Все эти детали, то белые, то многоцветные, сделан­ные из изразцов, рельефно выделялись на обычно оран­жевом или красном фоне стен. Мастера, словно соревну­ясь друг с другом, стремились создать все новые и новые формы. То любовно вытесывали они тонкий профиль из плиты белого камня, то вытесывали специальный кир­пич особой формы, дававший в кладке оригинальный ри­сунок с углублениями и выступами, со своеобразной и не менее причудливой игрой теней.

Древнерусские зодчие знали в совершенстве свое мас­терство, не хуже, чем прославленные мастера Западной Европы. Но если западноевропейские архитекторы в сво­ем творчестве руководствовались четкими, геометричес­ки правильными построениями, подчиняя им все — и само здание и окружающую его природу, пейзаж, то древнерус­ский мастер шел в своем творчестве по другому пути.

Русская природа с ее своеобразной красотой была тем животворным началом, из которого исходил русский зод­чий. Поэтому он так умело ставил свое здание среди лесов и полей, на склонах холмов, на берегах рек и озер. Он точно вылепливал от руки свои здания, сообразуясь с изу­мительной по простоте и такой лиричной русской приро­дой, с русским пейзажем.
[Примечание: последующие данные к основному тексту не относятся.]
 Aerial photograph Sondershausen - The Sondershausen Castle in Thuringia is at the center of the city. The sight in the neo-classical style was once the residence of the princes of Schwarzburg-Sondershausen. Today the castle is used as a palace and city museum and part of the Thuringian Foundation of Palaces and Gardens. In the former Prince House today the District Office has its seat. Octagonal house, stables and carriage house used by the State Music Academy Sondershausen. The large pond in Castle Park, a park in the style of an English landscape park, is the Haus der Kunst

Здания древнерусского зодчего никогда не имели, как западноевропейские сооружения, одного главного фаса­да, лишь одной точки зрения. Их всегда надо обойти кру­гом, осмотреть со всех сторон, полюбоваться ими с раз­ных точек зрения.

Одно и то же здание, когда взглянешь на него не с фа­сада, а сбоку, предстает пред тобой совершенно другим, всегда таким неожиданным, новым, словно в нем одном соединилось несколько зданий. Этим-то и объясняется пристрастие русского человека ко всякого рода пристрой­кам, многочисленным главам, куполам, островерхим кры­шам, крыльцам, лестницам, так изменяющим вид зда­ния, придающим ему такое разнообразие, такое богатство архитектурных форм.
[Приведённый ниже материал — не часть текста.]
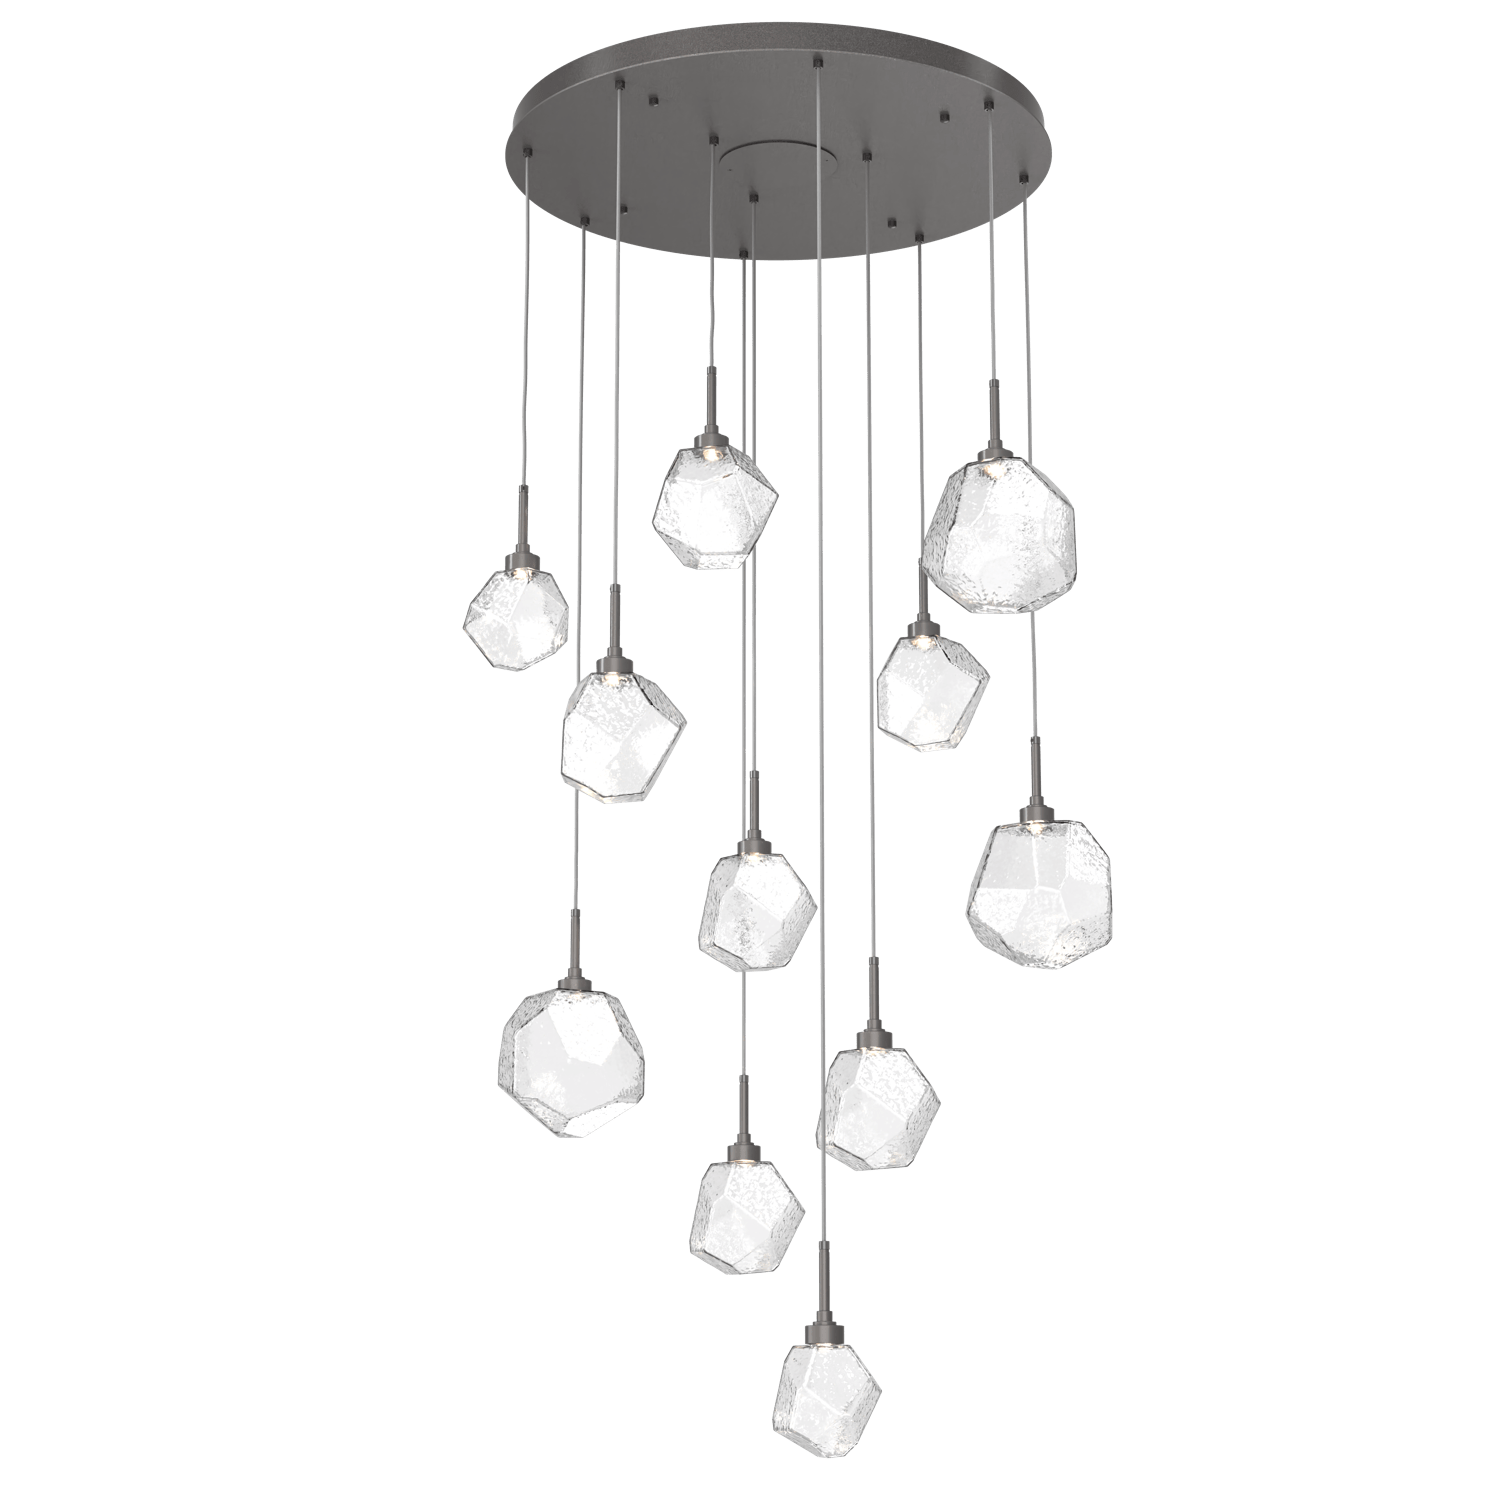 CHB0039-11-GP-C-Hammerton-Studio-Gem-11-light-round-pendant-chandelier-with-graphite-finish-and-clear-blown-glass-shades-and-LED-lamping

Баженова глубоко волновало и влекло к себе великое искусство русских зодчих конца XVII века, полное какой-то необычайной неугасающей трепетной жизни. Редкая красочность и нарядность этих зданий так соответство­вала описаниям в сказках и песнях дивных теремов и са­дов с алыми и лазоревыми цветами, жар-птицами и ябло­нями с золотыми наливными яблоками!

Сочинить проект в духе древнерусской архитектуры XVII века в то время было большой дерзостью. Это значило от­крыто идти против установившихся в архитектуре вкусов.

Такой шаг мог навсегда погубить карьеру молодого зодчего. Вкусы и традиции, привитые Растрелли и его современником, знаменитым московским архитектором Ухтомским, еще царили в художественных и обществен­ных кругах обеих столиц. Но проект Баженова понра­вился князю Черкасскому, любившему все родное, рус­ское.

Проект Баженова был действительно интересным. Зодчий не копировал старорусскую архитектуру. Он не был безличным подражателем. Он смело видоизменял, творчески перерабатывал ее.

Так, к прямоугольному, сильно вытянутому вверх храму тесно примкнули низкие столбы-колонны, соеди­ненные арками. На углах крыши Баженов поставил вы­сокие остроугольные пирамидки-обелиски, увенчанные вызолоченными шарами, с торчащими во все стороны иг­лами. Они напоминали цветы репейника. Такие же ост­роугольные пирамидки окружили венцом купол здания с высоким граненым шпилем.

Церковь и рядом стоявшая колокольня были окра­шены в красный и белый цвета. Центральный выступ хра­ма высился над рекой, как олицетворение дерзкого и ра­достного устремления к чему-то прекрасному, уходяще­му ввысь, в просторы голубого бездонного неба.

В храме Черкизова-Старках нет и тени мрачного аске­тизма, отрешенности от мира, мистики и уныния. Все со­оружение проникнуто жизнеутверждающей силой, гово­рящей о радостном, бодром и уверенном в себе человеке, осознавшем красоту и широту окружающего мира.

В этом первом произведении Баженова многое, конеч­но, еще несовершенно, не доработано. Но главное уже найдено. В нем есть уже все то, что с таким блеском разо­вьется впоследствии.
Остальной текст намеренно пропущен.